──────── Available data
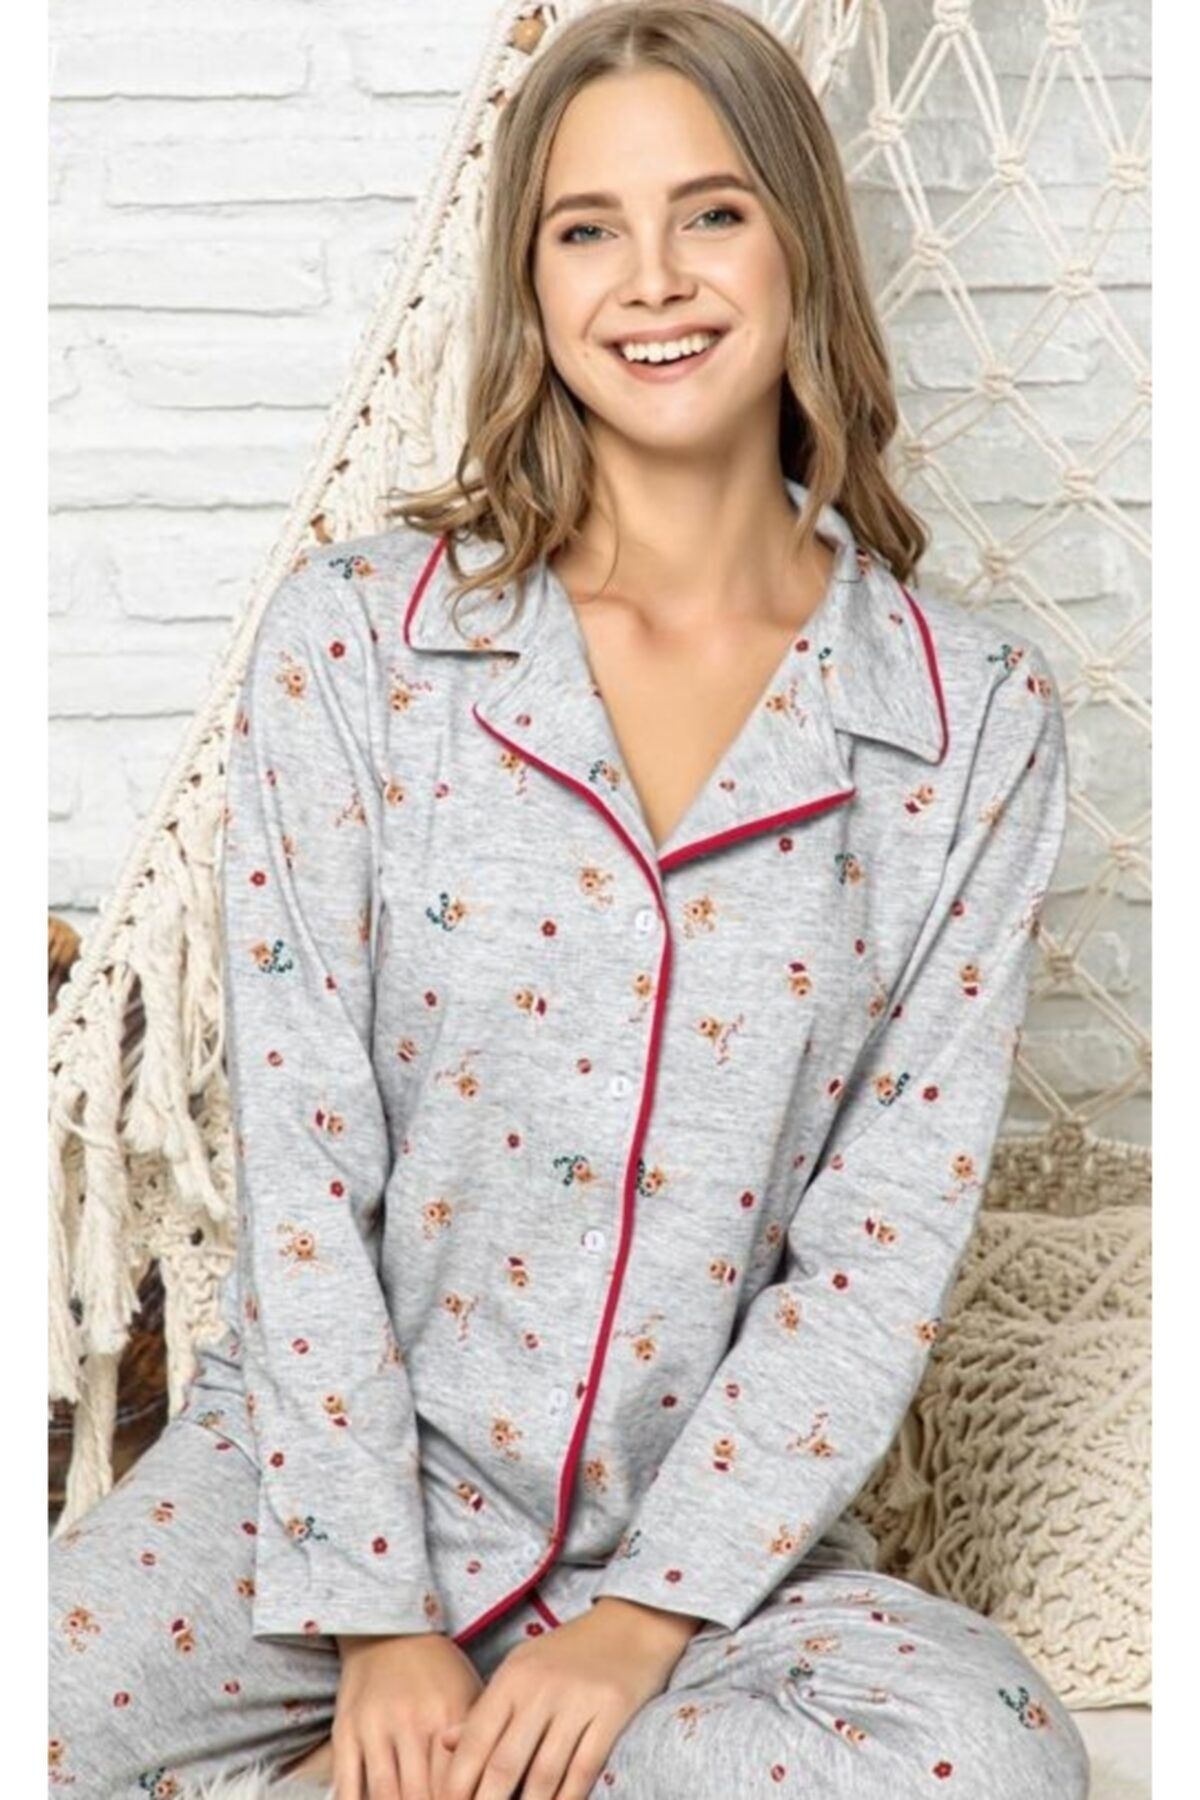 PİJAMANJERO Yeni Yıl Ren Geyikli Gri Düğmeli Pijama Takımı
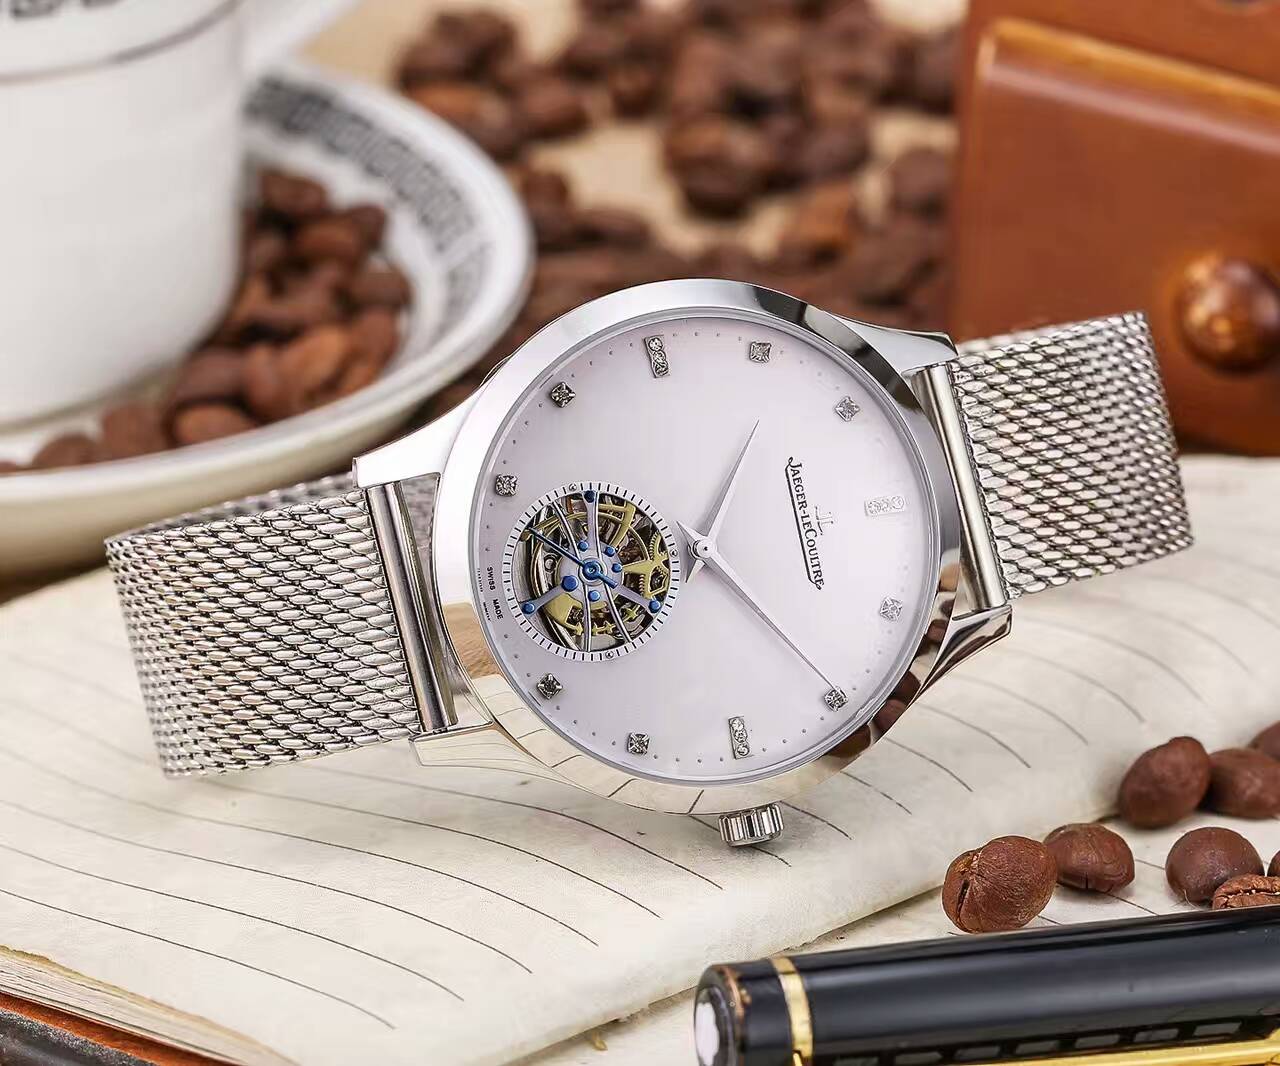 積家 礦物質超強鏡面 精鋼錶帶 精致品質 316精鋼 大方風范 精品男士腕錶-rhid-116841
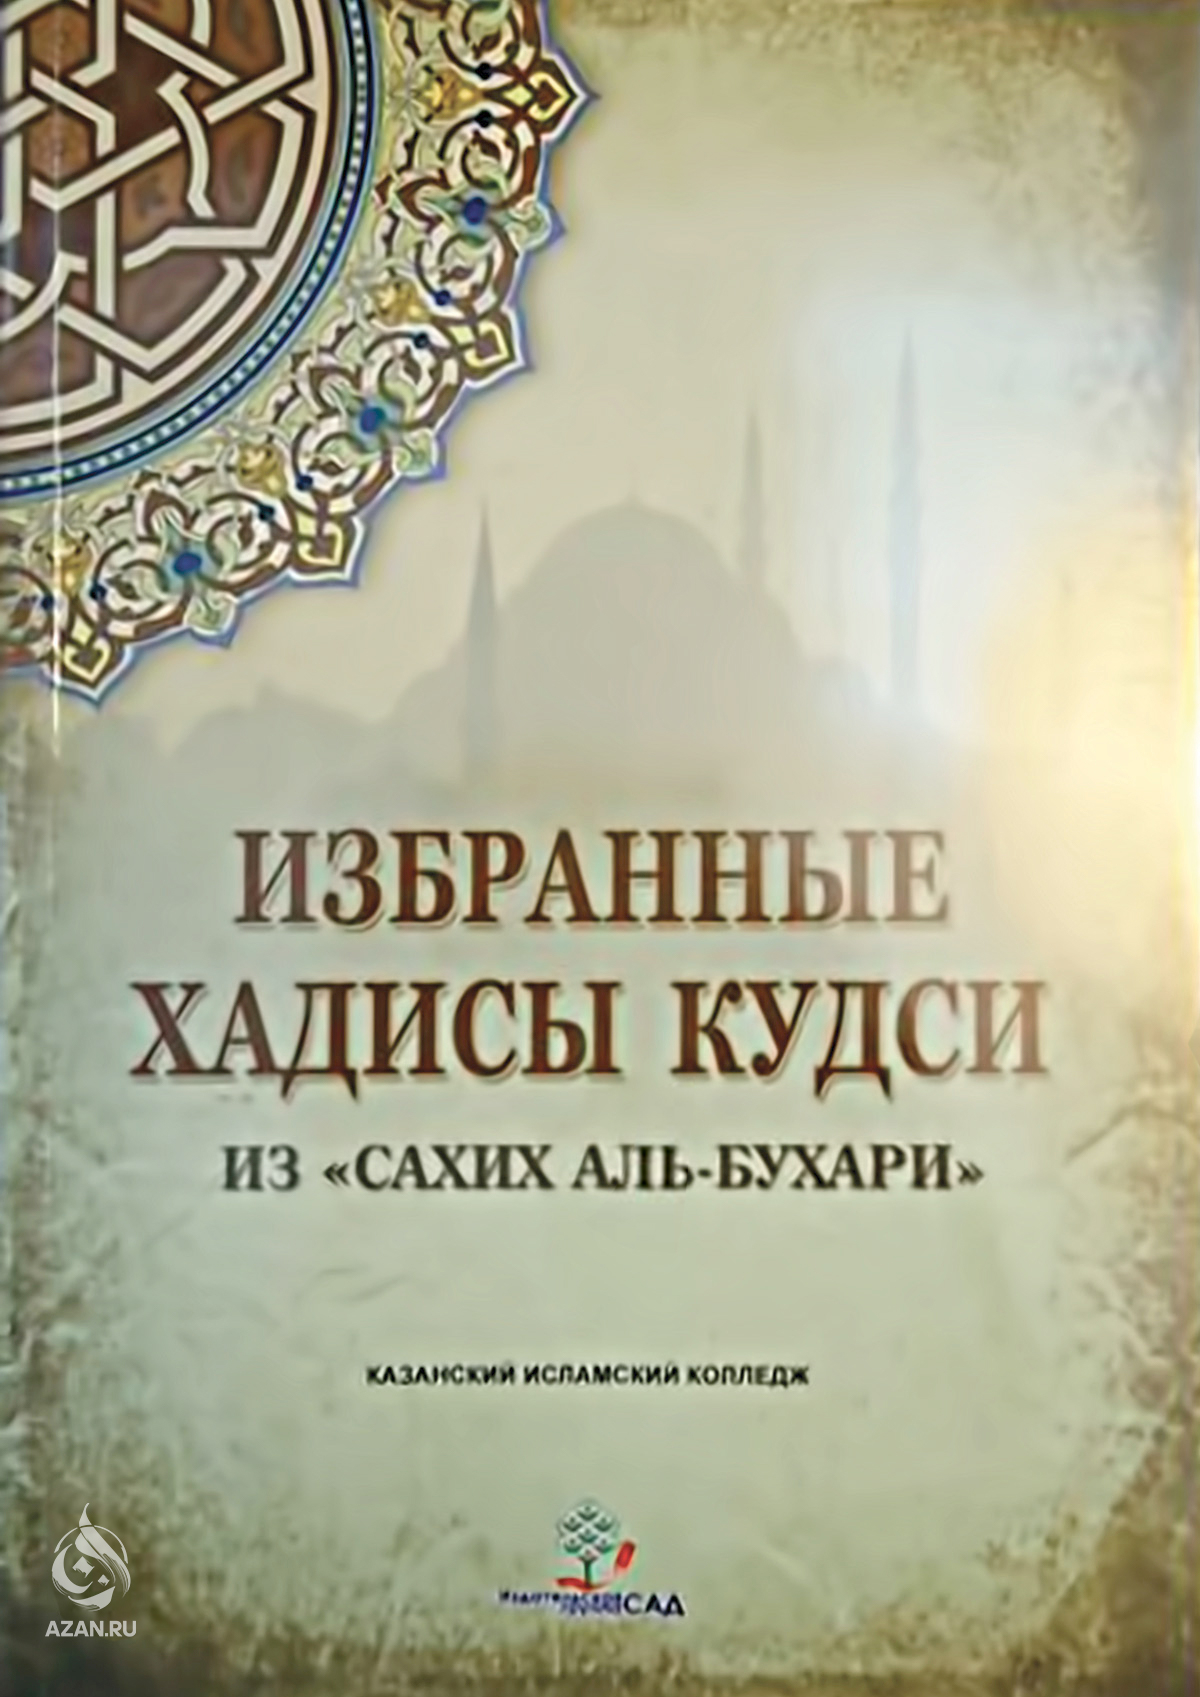 Книга хадисов Аль Бухари. Хадис Кудси Аль Бухари. Избранные хадисы Сахих Аль Бухари. Аль бухари купить
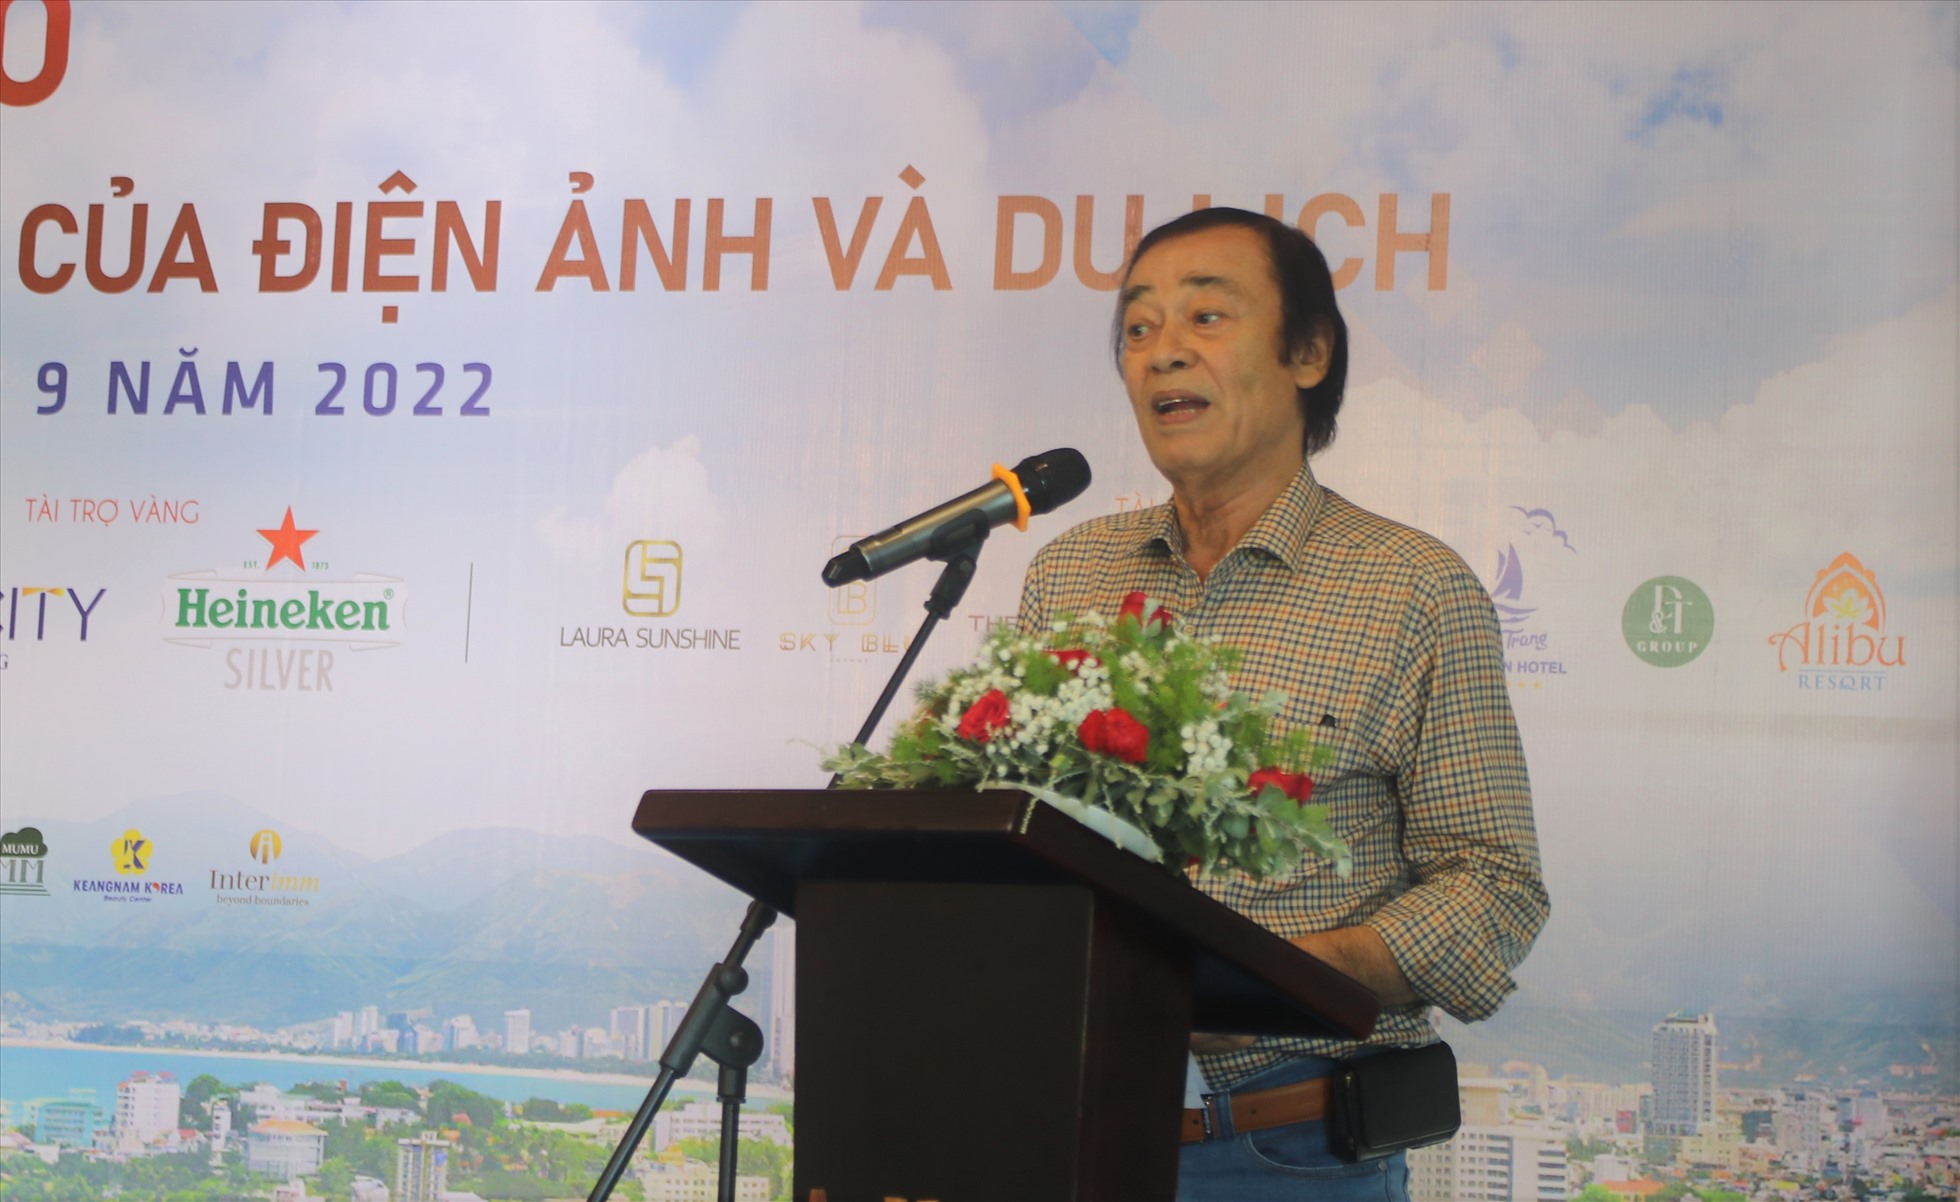 Đạo diễn, NSND Đào Bá Sơn kỳ vọng cái bắt tay của điện ảnh và du lịch về một giải thưởng điện ảnh tầm quốc tế mang tên Nha Trang. Ảnh: P.Linh
────────────────
## Task requirements
Starting at the line that contains "Книга хадисов Аль" and ending with the last line of the data, transcribe every line exactly; skip the pictures.

## Task solution
 Книга хадисов Аль Бухари. Хадис Кудси Аль Бухари. Избранные хадисы Сахих Аль Бухари. Аль бухари купить
 Đạo diễn, NSND Đào Bá Sơn kỳ vọng cái bắt tay của điện ảnh và du lịch về một giải thưởng điện ảnh tầm quốc tế mang tên Nha Trang. Ảnh: P.Linh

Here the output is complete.